■ Your task ■
Output each record below exactly as it stands, leaving out the pictures.

■ Material provided ■
§ §

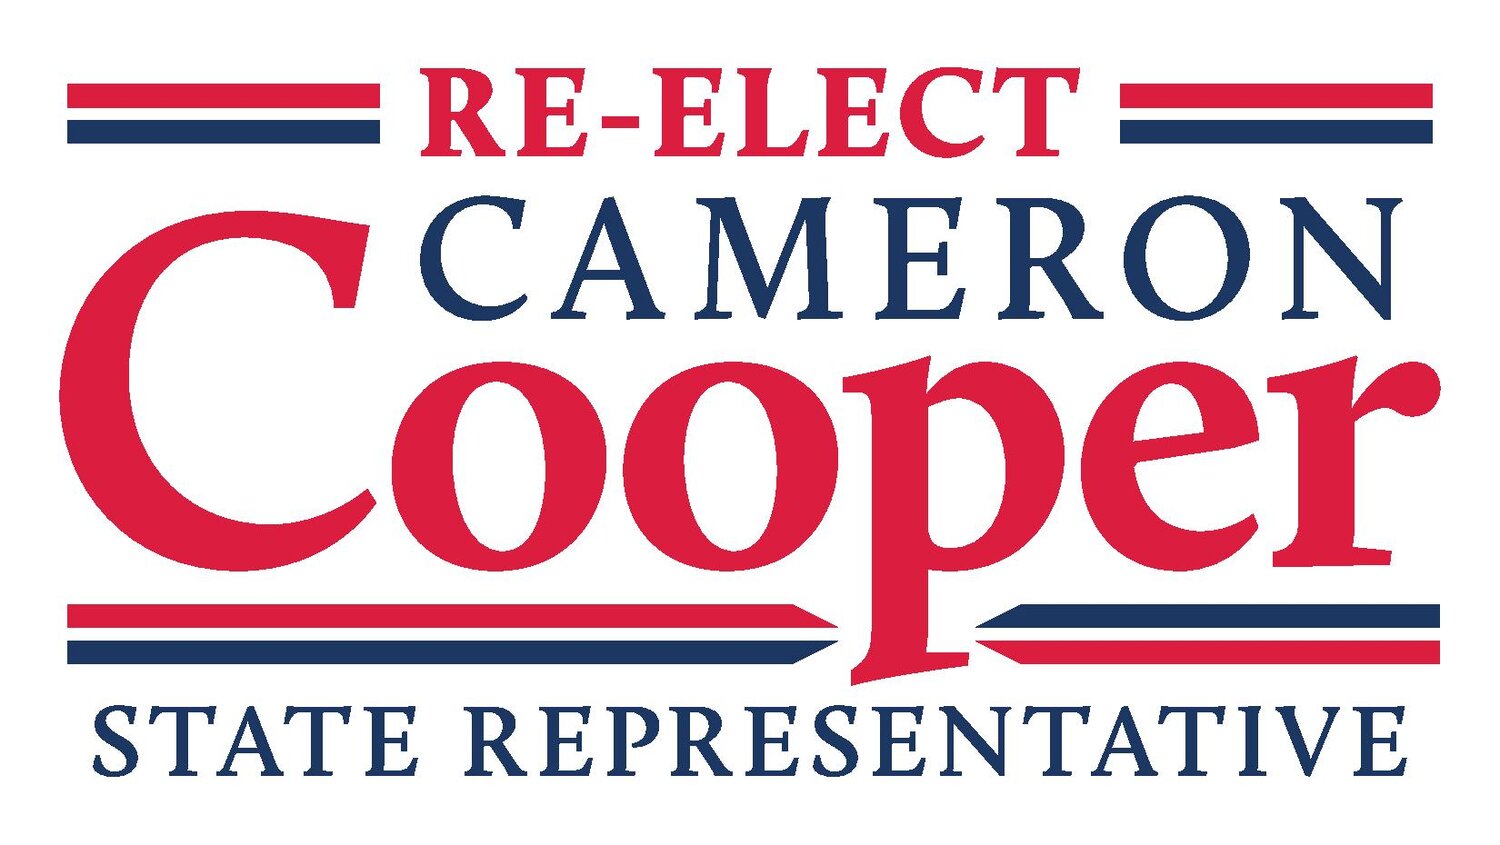 Cameron Cooper for State Representative
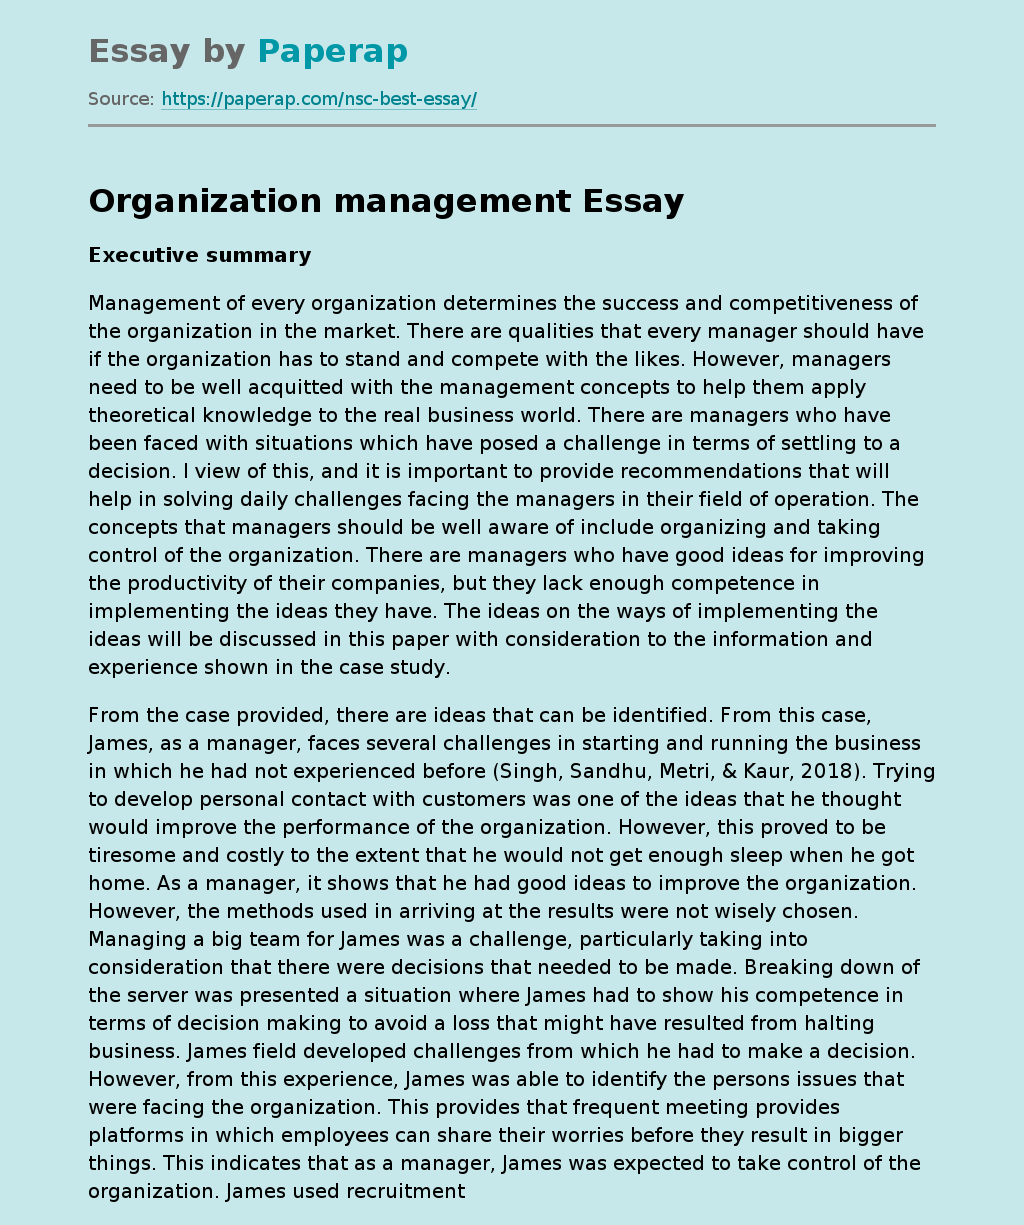 Organization management
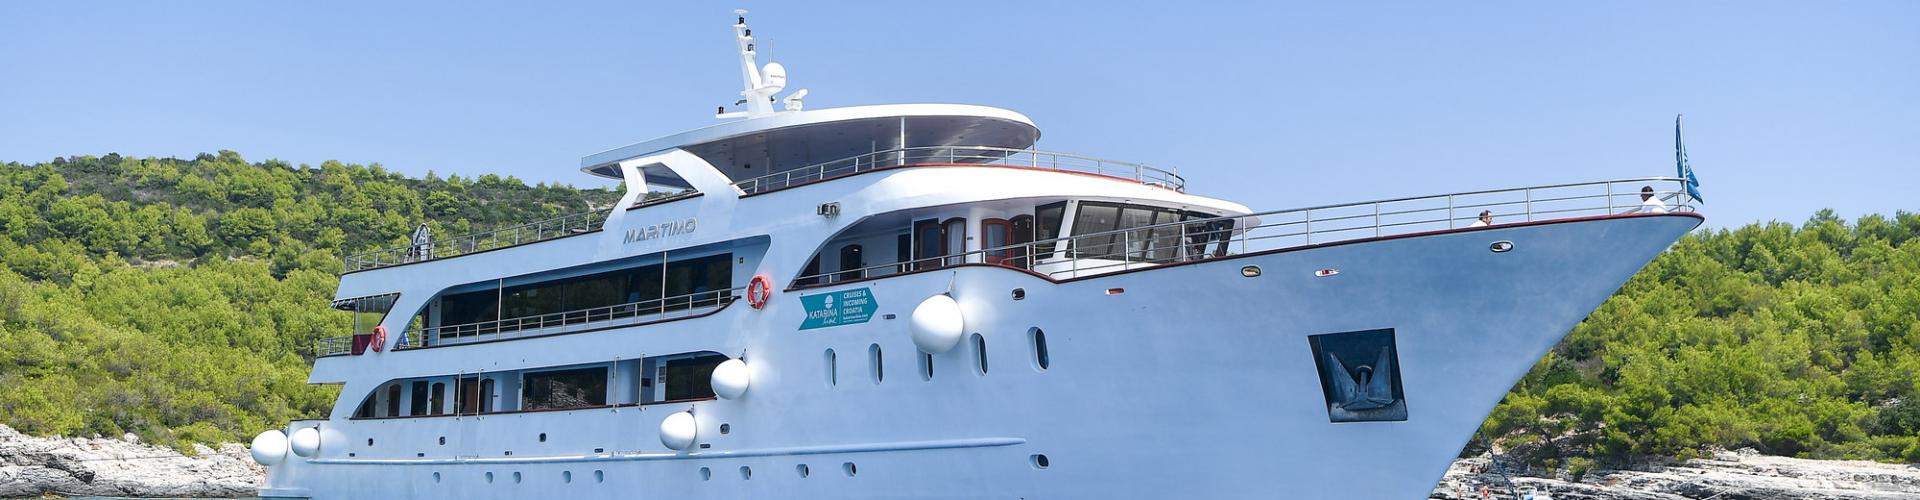 Deluxe navire de croisière MV Maritimo- yacht à moteur
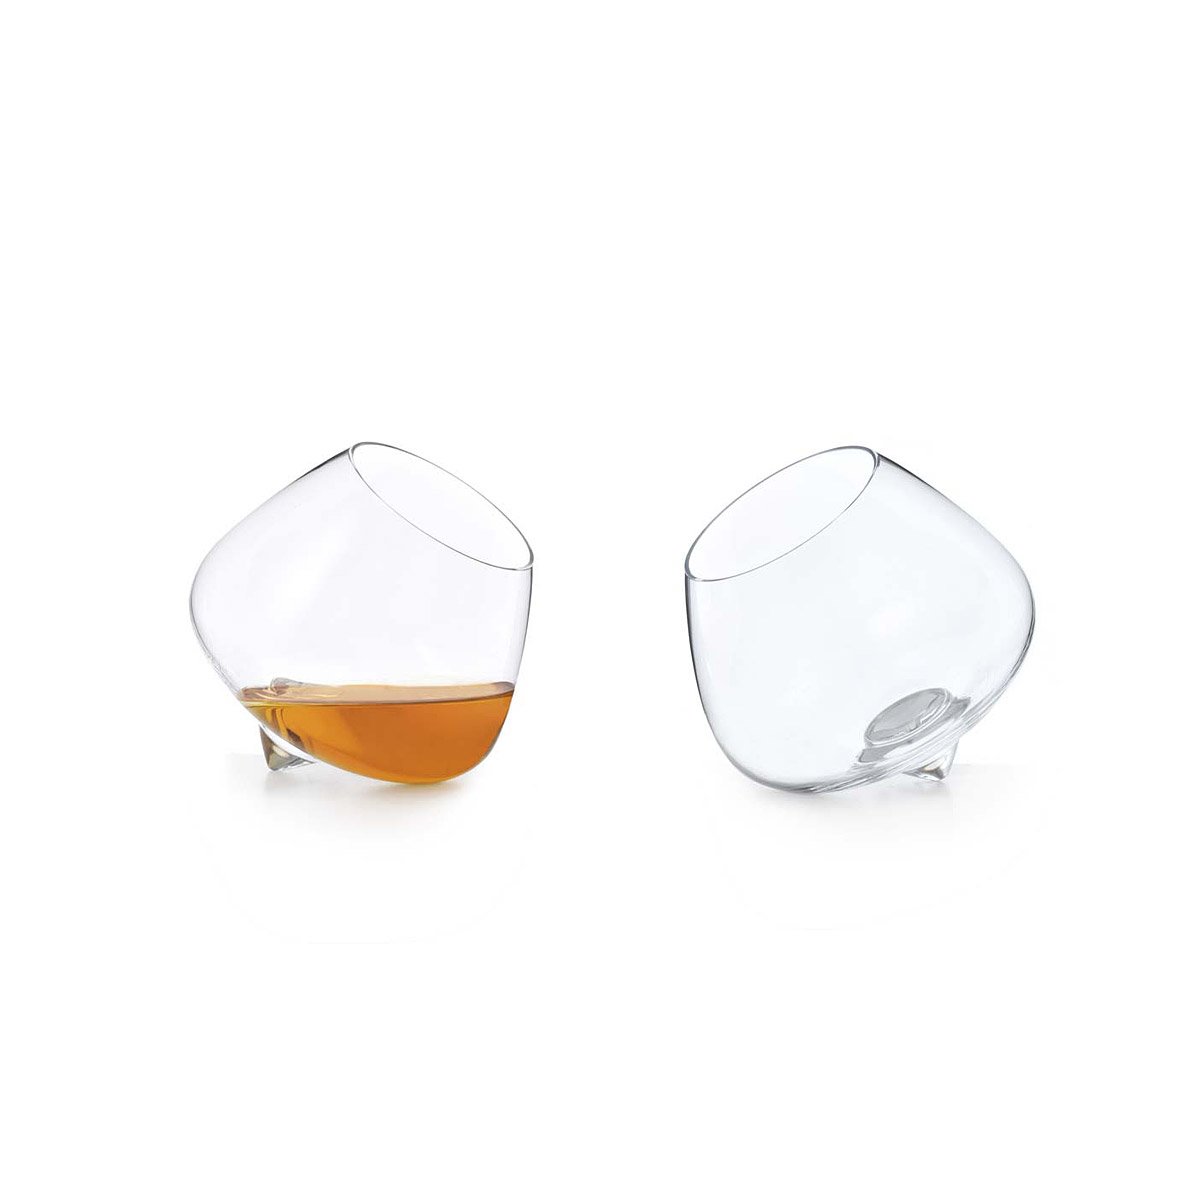 Cognac Glasses - Set of 2 | Wobble Cognac Glasses, Rocking | UncommonGoods
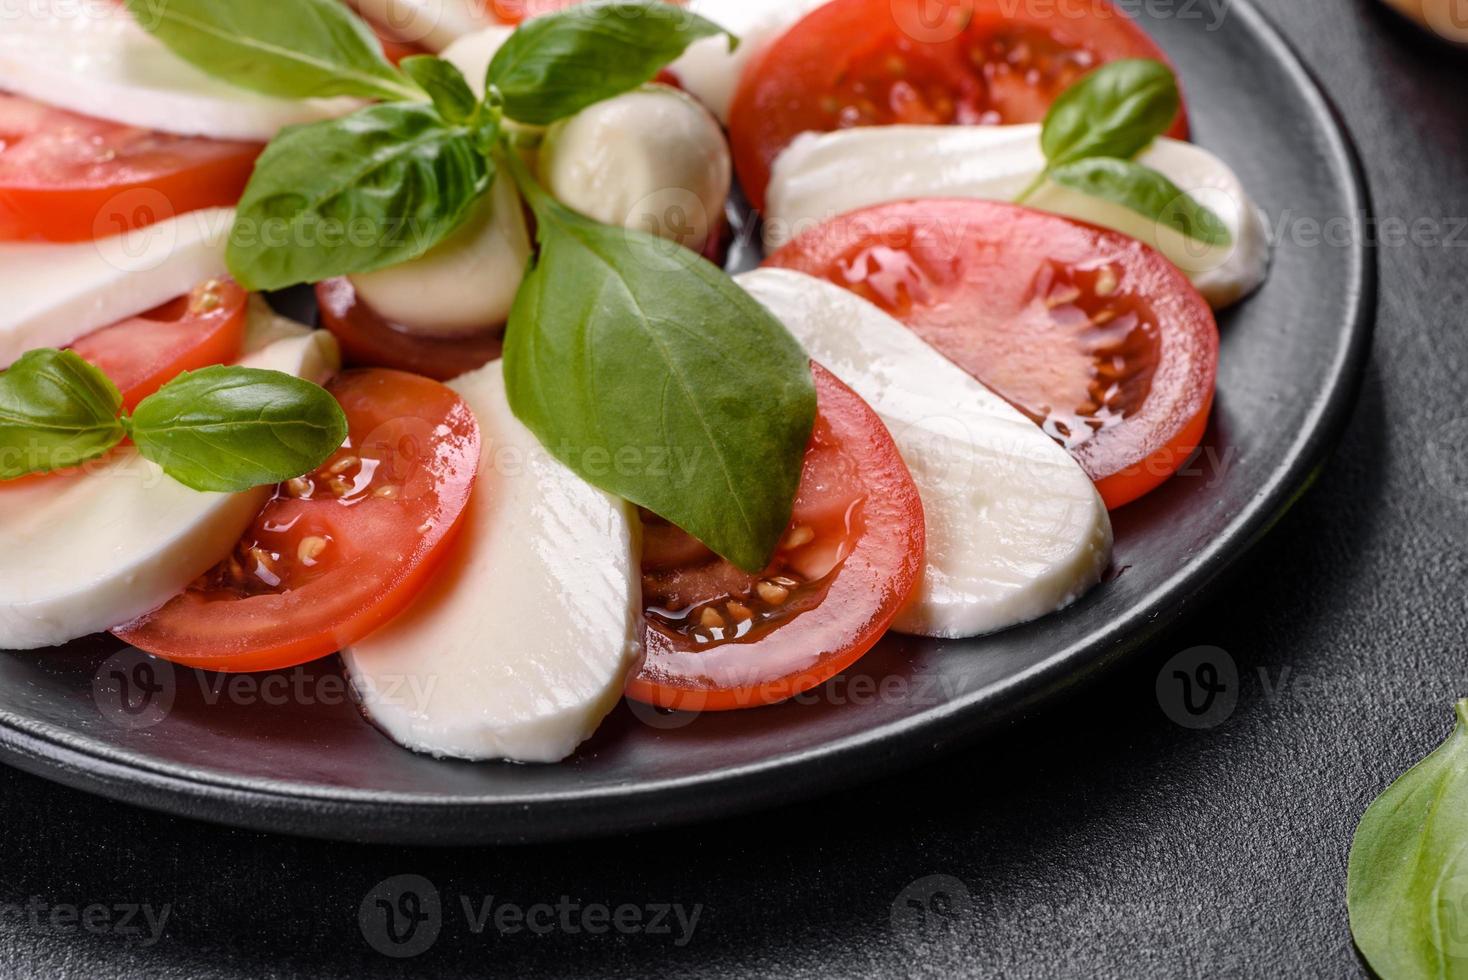 insalata caprese italiana con pomodori a fette, mozzarella foto

§ §

■ Your solution ■
 Cameron Cooper for State Representative
 Organization management
 Deluxe navire de croisière MV Maritimo- yacht à moteur
 Cognac Glasses - Set of 2 | Wobble Cognac Glasses, Rocking | UncommonGoods
 insalata caprese italiana con pomodori a fette, mozzarella foto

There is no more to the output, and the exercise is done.